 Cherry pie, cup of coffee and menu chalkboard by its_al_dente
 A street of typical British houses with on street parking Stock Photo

------------------------------

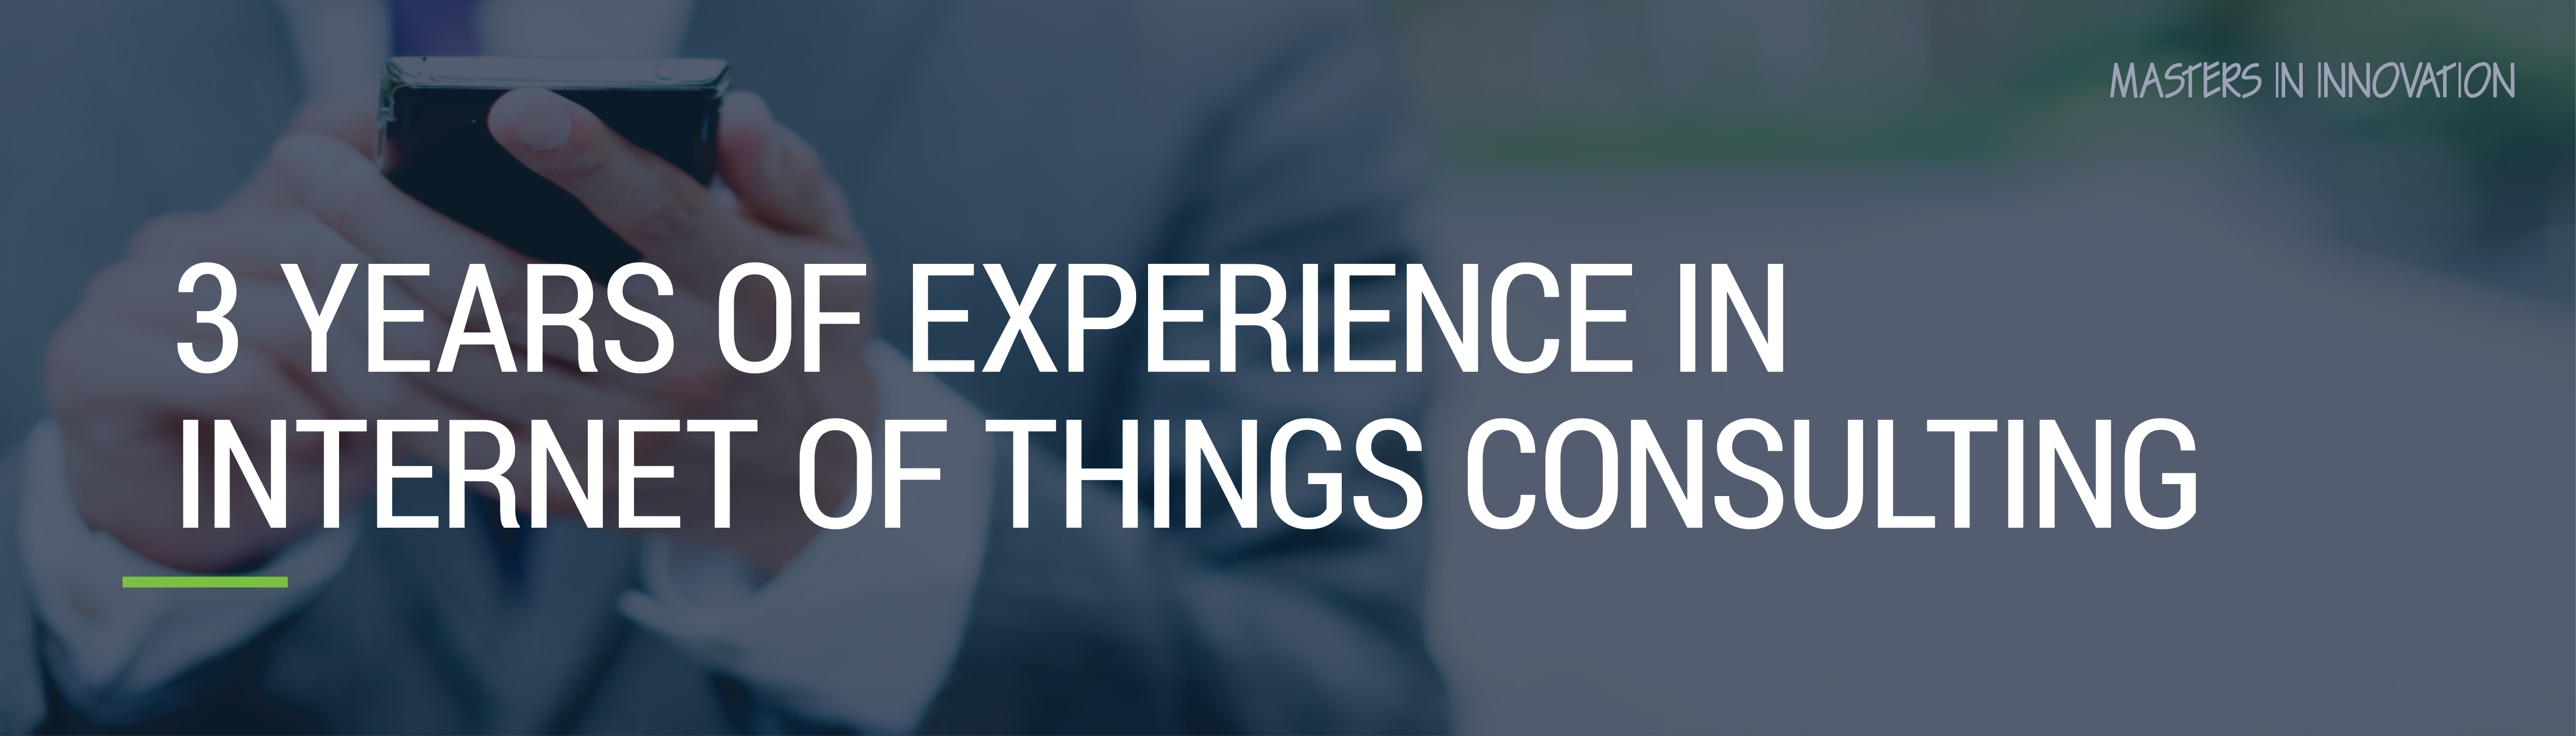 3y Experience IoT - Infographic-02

------------------------------

=== ABOUT THIS TASK ===
All that should be written out is the stretch of lines above between the one holding "Cherry pie, cup" and the one holding "A street of", inclusive, exactly as given.

=== TASK SOLUTION ===
 Cherry pie, cup of coffee and menu chalkboard by its_al_dente
 A street of typical British houses with on street parking Stock Photo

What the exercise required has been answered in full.